The Norwegian ELIXIR node is divided into five subnodes.

Bergen node

Head: Inge Jonassen.

The Bergen node is organized at the Computational Biology Unit (CBU), University of Bergen (UiB). We provide broad services of bio­informatics, mainly on high-throughput omics data analysis. That includes high-throughput sequencing data (i.e. Exome-seq, RNA-seq and ChIP-seq), gene expression microarrays and quantitative proteomics data­sets. We also provide consulting on planning and design of high-throughput technology based experiments. The biological topics in focus are based on our collaborators’ research areas and these include medical research at Haukeland University Hospital, Bergen, and marine biology at the Department of Biology, UiB and the Marine Research Institute (IMR). Furthermore we develop bioinformatics analysis infrastructure including e.g. Galaxy workflows, as part of the Norwegian e-infrastructure for Life Science (NeLS). 

Oslo node

Head: Eivind Hovig

The Oslo Bioinformatics Core Facility provides its users at the Oslo University Hospital and the University of Oslo with a range of services within bio­informatics, including analysis of high-throughput sequencing data, microarray data, protein structure analysis, statistical genomics and access to useful databases and web services. Besides the service activity we are participating in the development and maintenance of the Genomic HyperBrowser.

Tromsø node

Head: Nils Peder Willassen

The historical and geographical position has made it natural for the UiT The Arctic University of Norway to focus on life in the marine environment. The last decade, much attention has been given to marine genomics and bioprospecting and the potential to find biocatalysts with novel functions that may be of therapeutically or biotechnological interest. The scientists associated with the platform in Tromsø mainly have experience from working with prokaryotic organisms from the arctic oceans.

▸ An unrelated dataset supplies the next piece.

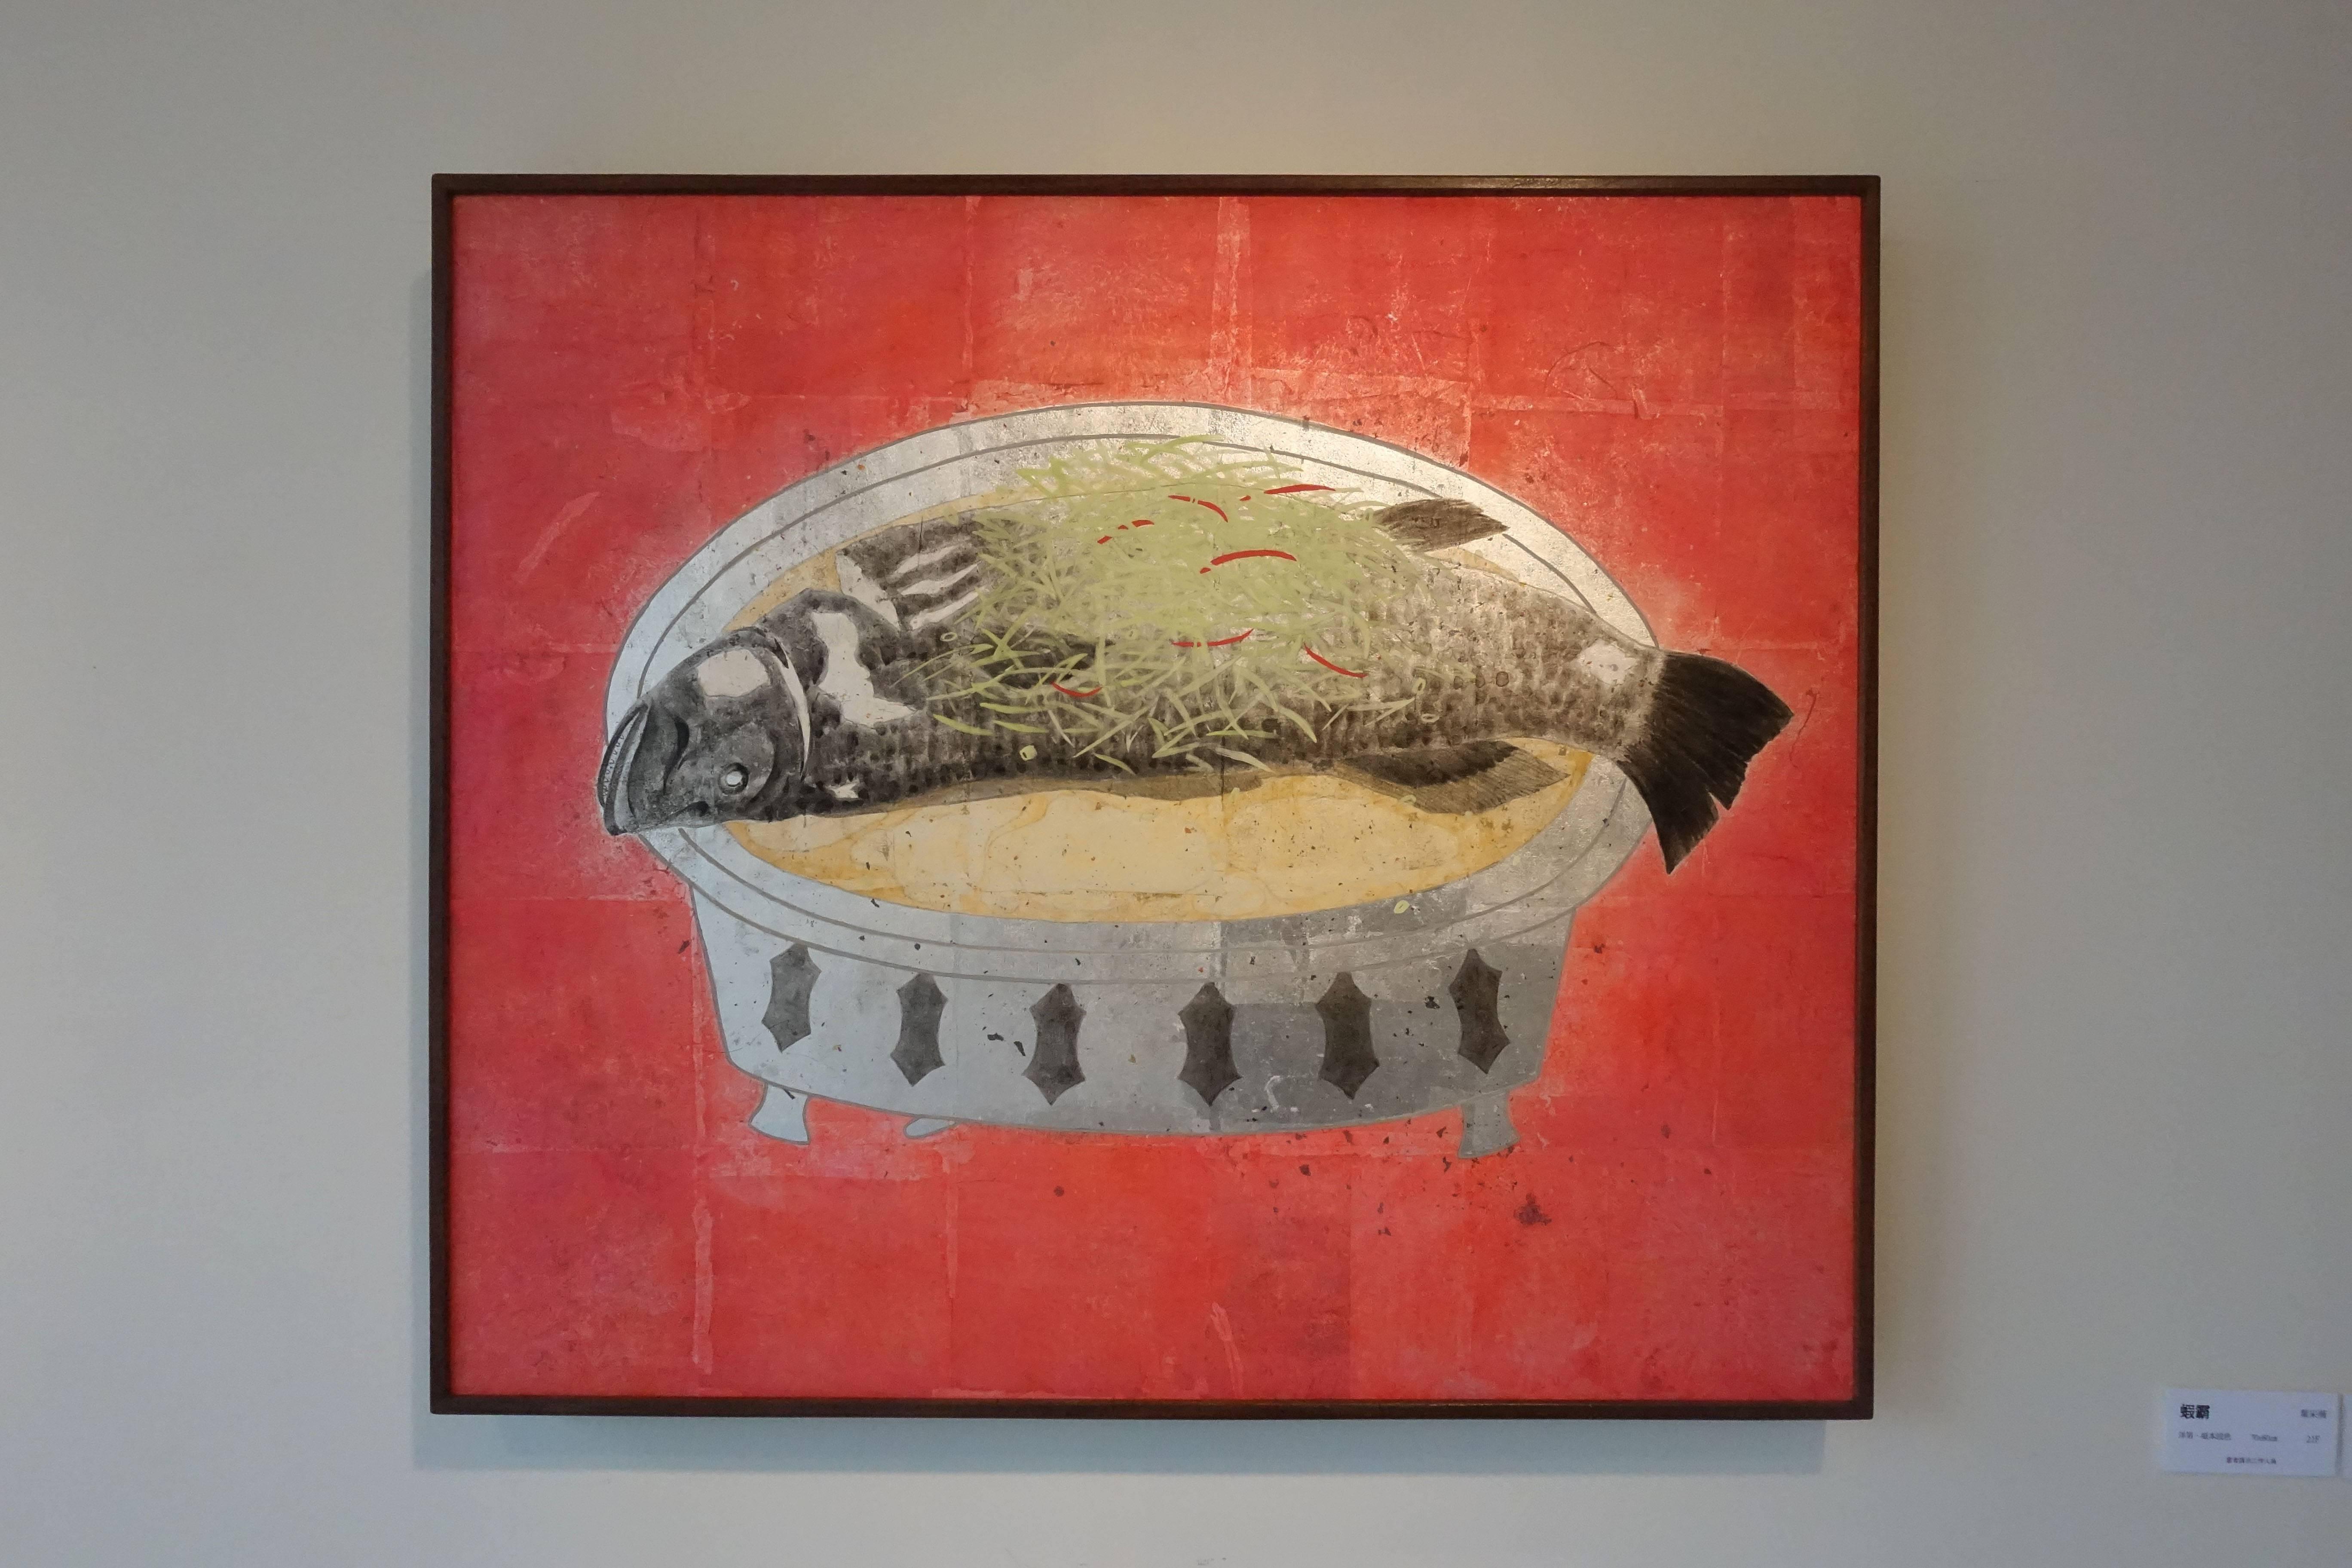 葉采薇,《魚眼睛》,2017,銀箔、紙本設色,60 x 70 cm。
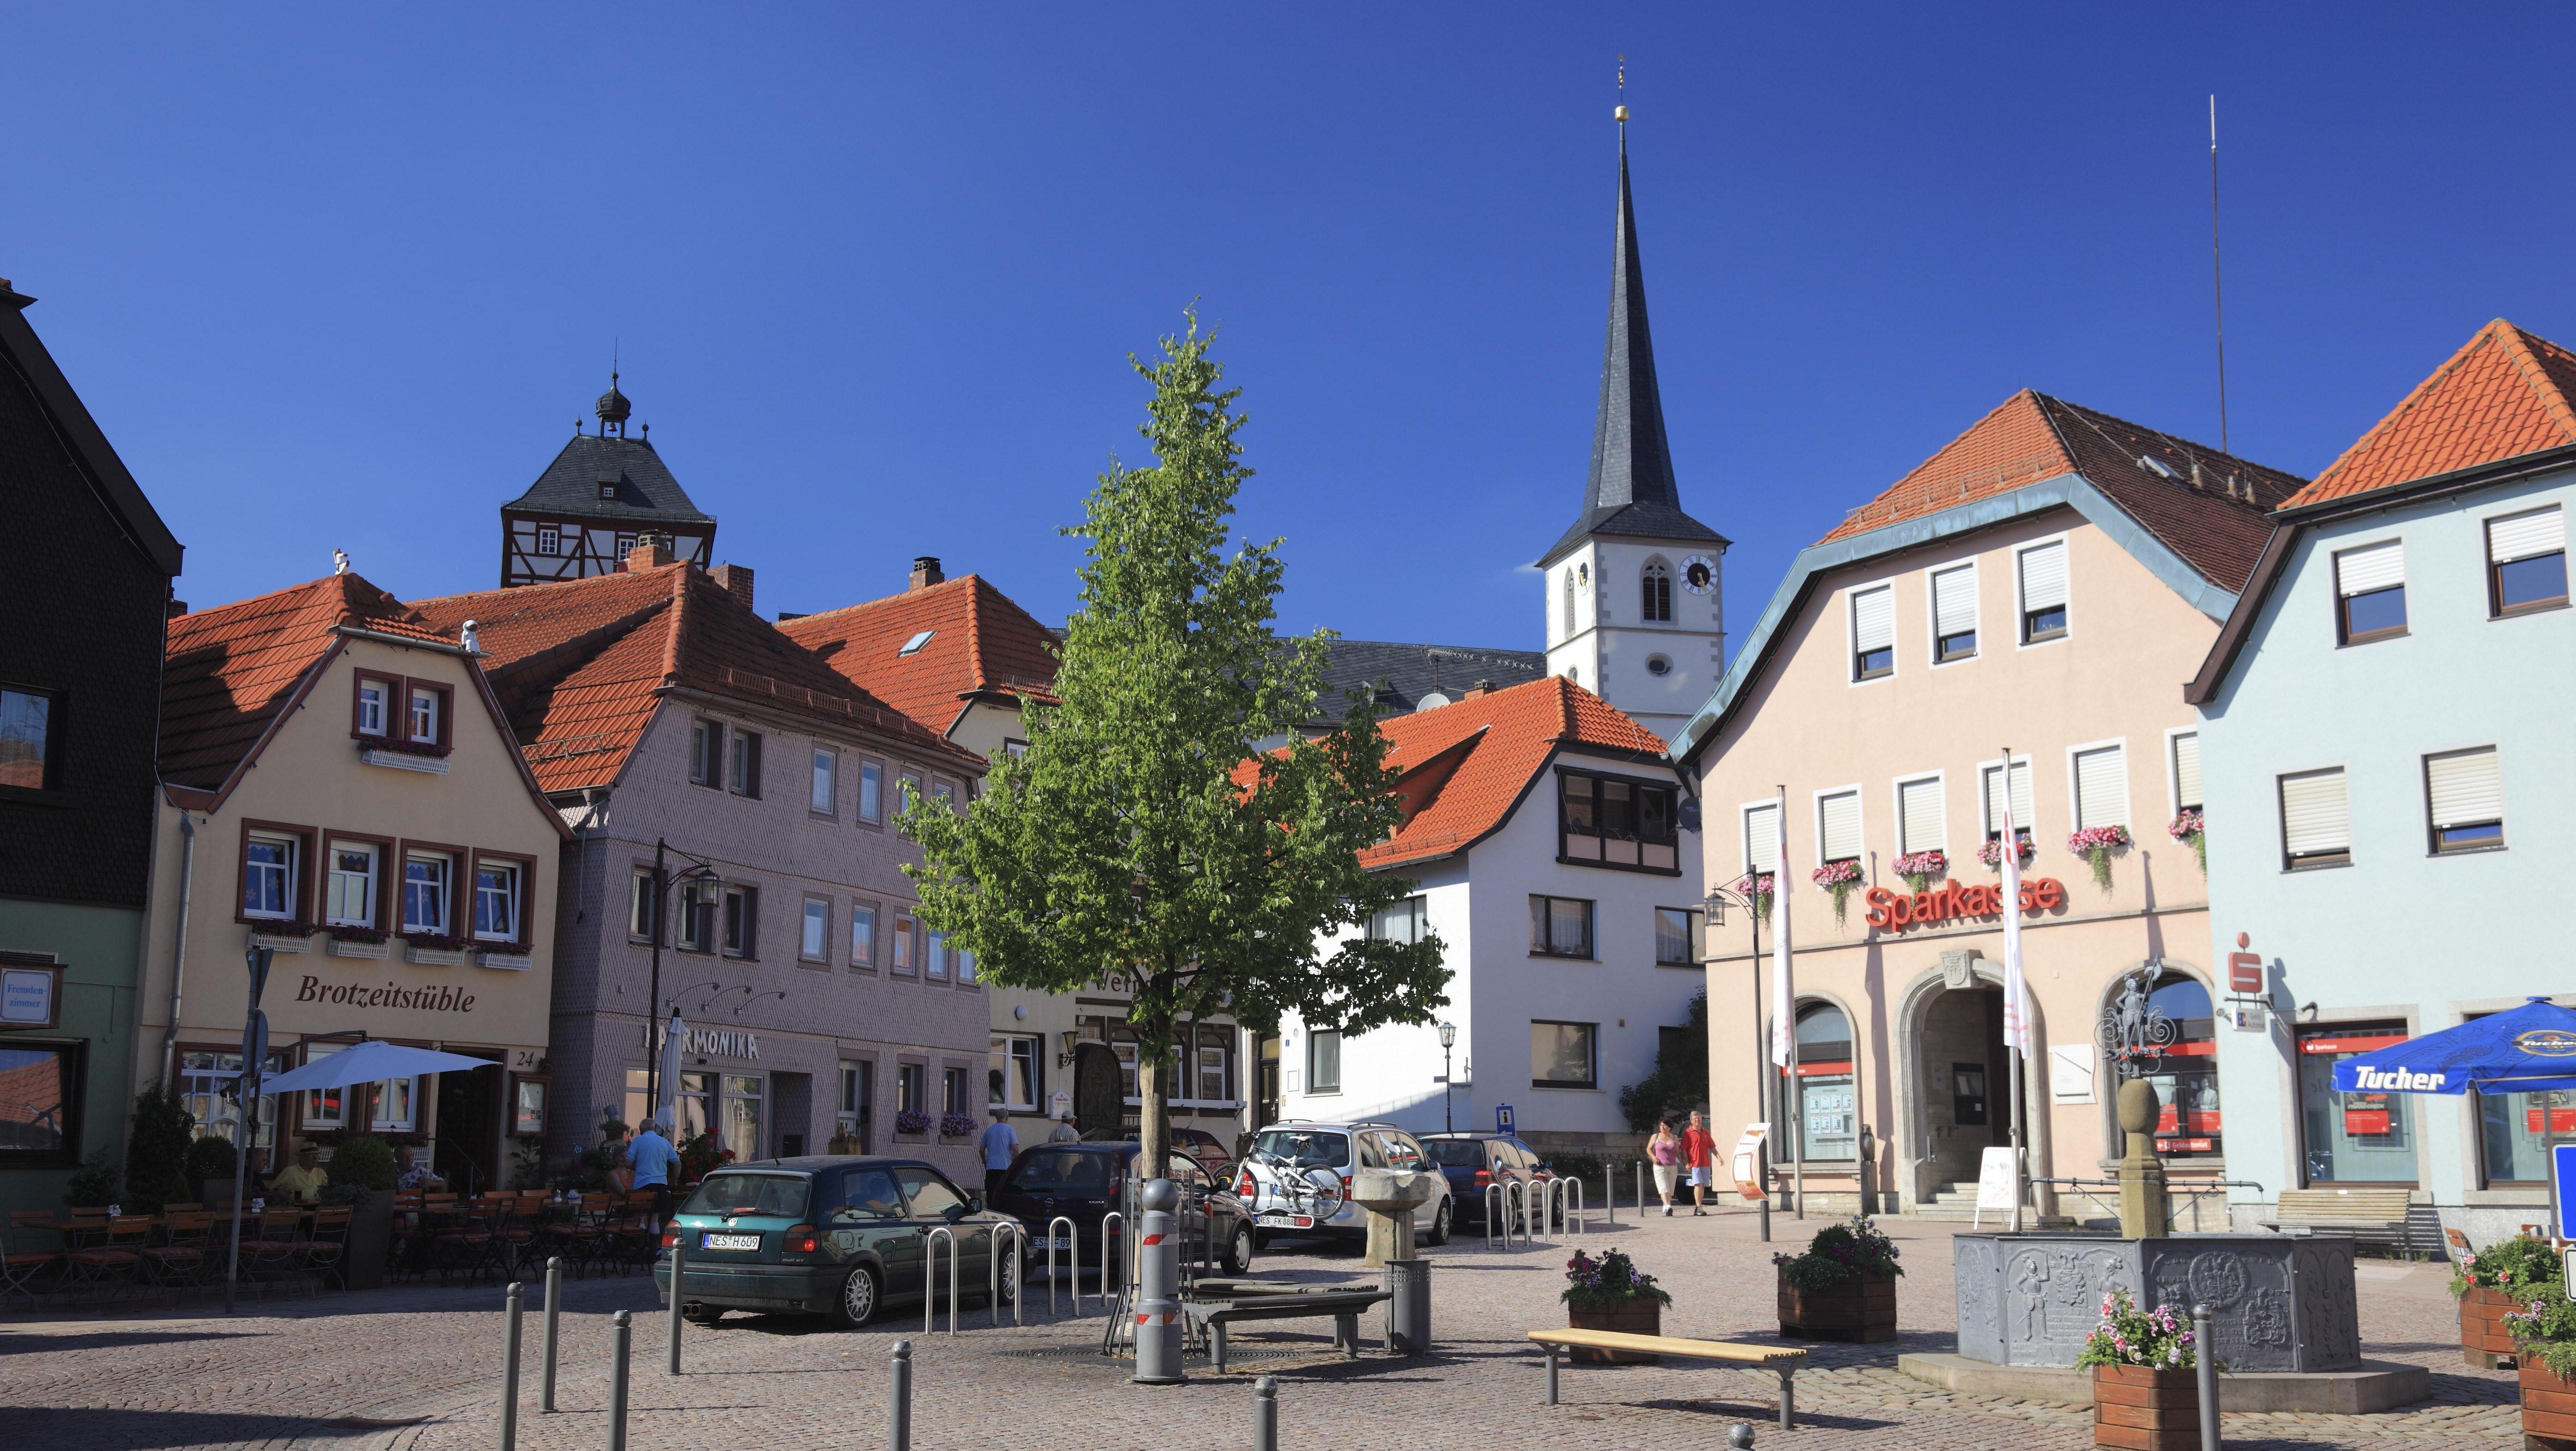 Zentrum von Bischofsheim

Research topics related to metagenome analysis, prokaryotic genomics and transcriptomics can be addressed here. The Tromsø node has developed tools to analyze high-throughput data for this type of projects. The node has also developed computational and visualization tools for analysis and interactive exploration of data from a large-scale cancer postgenome bio­bank (NOWAC).

Trondheim node

Head: Finn Drabløs

The platform activity at NTNU is co-localized with the Bio­informatics Core Facility (BioCore). The associated research group is mainly working on gene regulation, large-scale genomics towards cancer research and population bio­banks (HUNT), and prokaryote genomics. Our collaborators include the biomedical and the biotech community, as well as private industry. The group develops tools for microRNA target prediction, non-coding RNA gene prediction, analysis of regulatory regions, peak finding in ChIP-seq data for transcription factors, and integrated handling and analysis of genomic data in biobanks. The platform also develops and implements specific pipelines for analysing sequencing data, e.g. from RNA-sequencing, micro-RNA or other non-coding RNA experiments, and analysis of exome sequencing or whole genome sequencing data. The Trondheim node also has competence on sequencing data from prokaryotic genomes and metagenomic sequencing data.

Ås node

Head: Dag Inge Våge

The ELIXIR node at Ås is part of Centre for Integrative Genetics (CIGENE), Department of Animal and Aquacultural Sciences at NMBU. We are an active partner in both the International Cooperation to Sequence the Atlantic Salmon Genome (ICSASG) and the national AquaGenome-project. The Ås node will make fish genomic resources available to the ELIXIR-network, with a particular focus on the salmon genome. Web based solutions and e-infrastructure for analysing and sharing species-specific and comparative genomics resources are currently under development.